From Dan Crawford:
"The point of the post is that while one AEI economist [Viard] is willing to state the obvious about tax cuts [that since Reagan at least they have reduced revenue], and though he may state that no economist disputes the obvious, his more prominent colleagues at the AEI do dispute what the data so obviously shows. I went further, and noted that Viard had to know that his own institute is a big part of the problem. Pethokoukis' [his more prominent colleague] next sentence: "Supply-side economics is simply a school of economic thought that believes a) incentives matter, b) high tax rates are bad for growth, and b) inflation is fundamentally a monetary phenomenon."
I'll ignore the grammatical error toward the end of the sentence - there are enough substantive issues in the post - and merely point out: "incentives matter" is not something that defines supply-side economics any more than having two arms and two legs is a defining property of people of Swedish extraction.

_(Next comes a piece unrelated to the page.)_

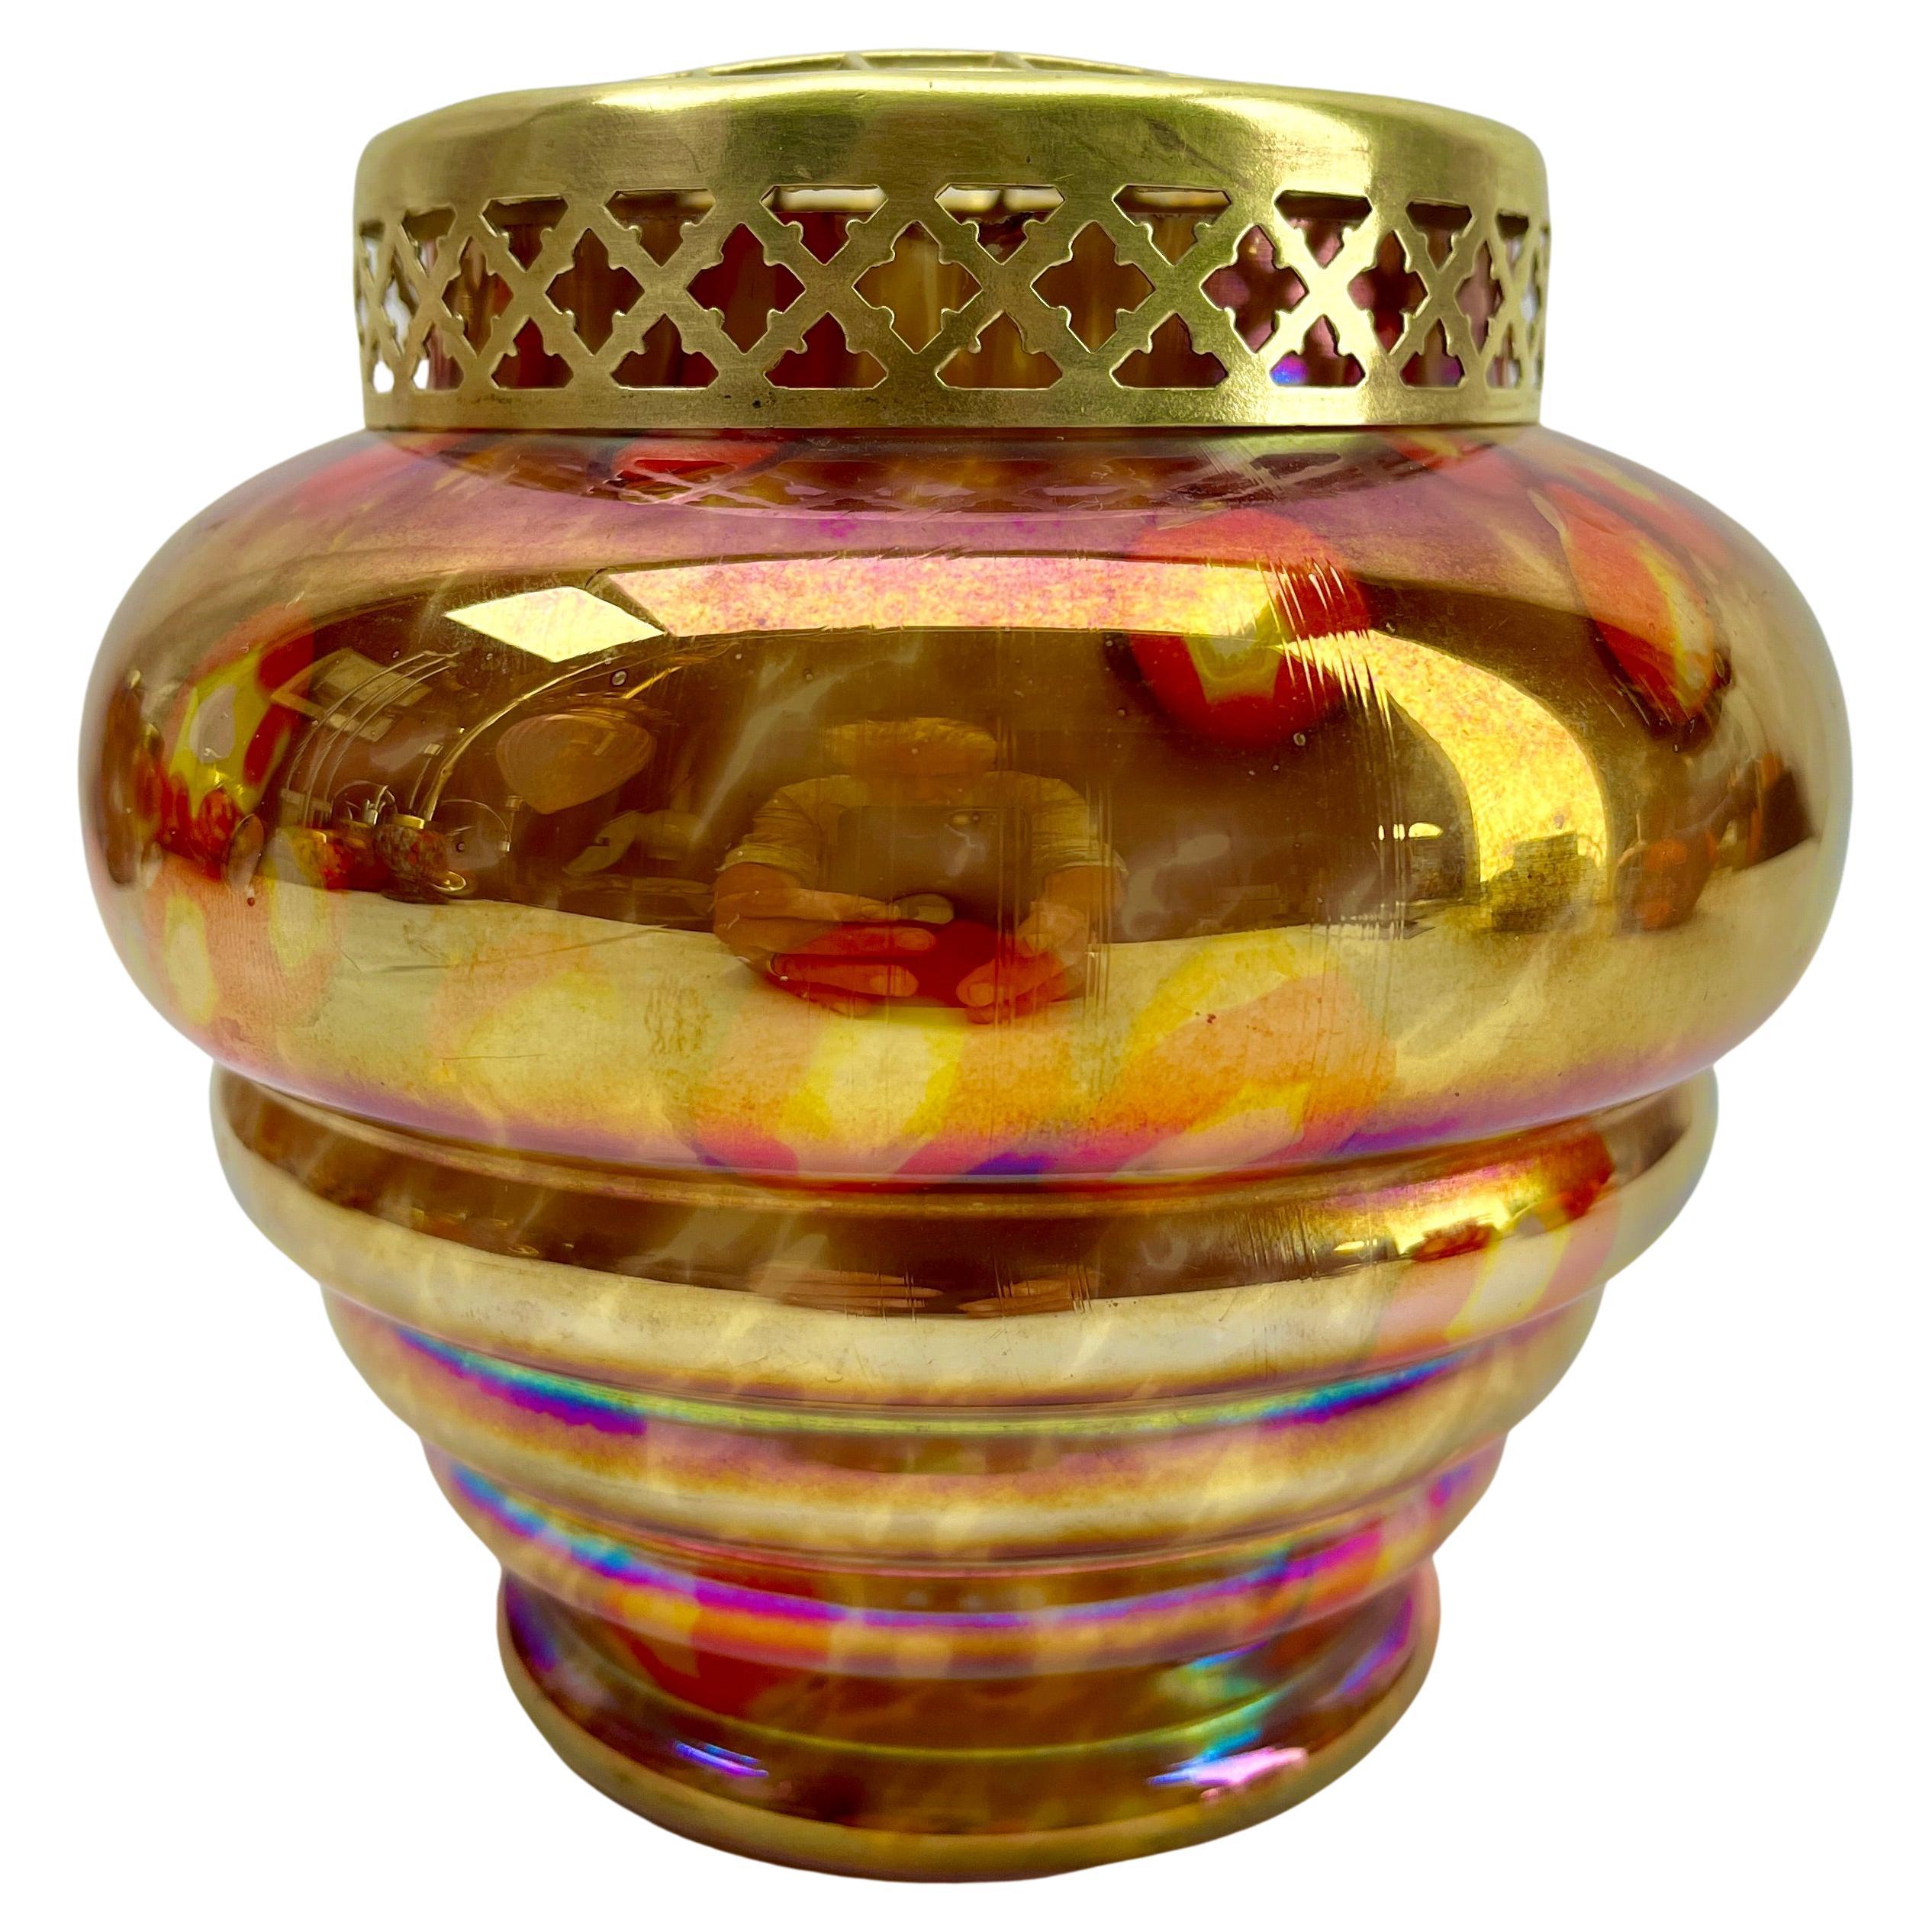 'Pique Fleurs' Iridescent Glass Vase, in Multi Color Decor with Grille, 1930s  For Sale

I have yet to meet an economist of any stripe who doesn't believe incentives matter, just as I cannot think of any country whose citizens don't typically come equipped with four limbs. Its just that typically different schools of thought think incentives matter in different ways."
The rest of the post goes on to discuss incentives in Marx and Keynes, and how ridiculous this claim about supply side economics is. The thing is, "supply side economics" isn't really even an economic theory. It was a disposition of policymakers and some economists close to policy makers originating in the 70s and 80s that had some tangential relation to some of the discussions going on among economists at the time.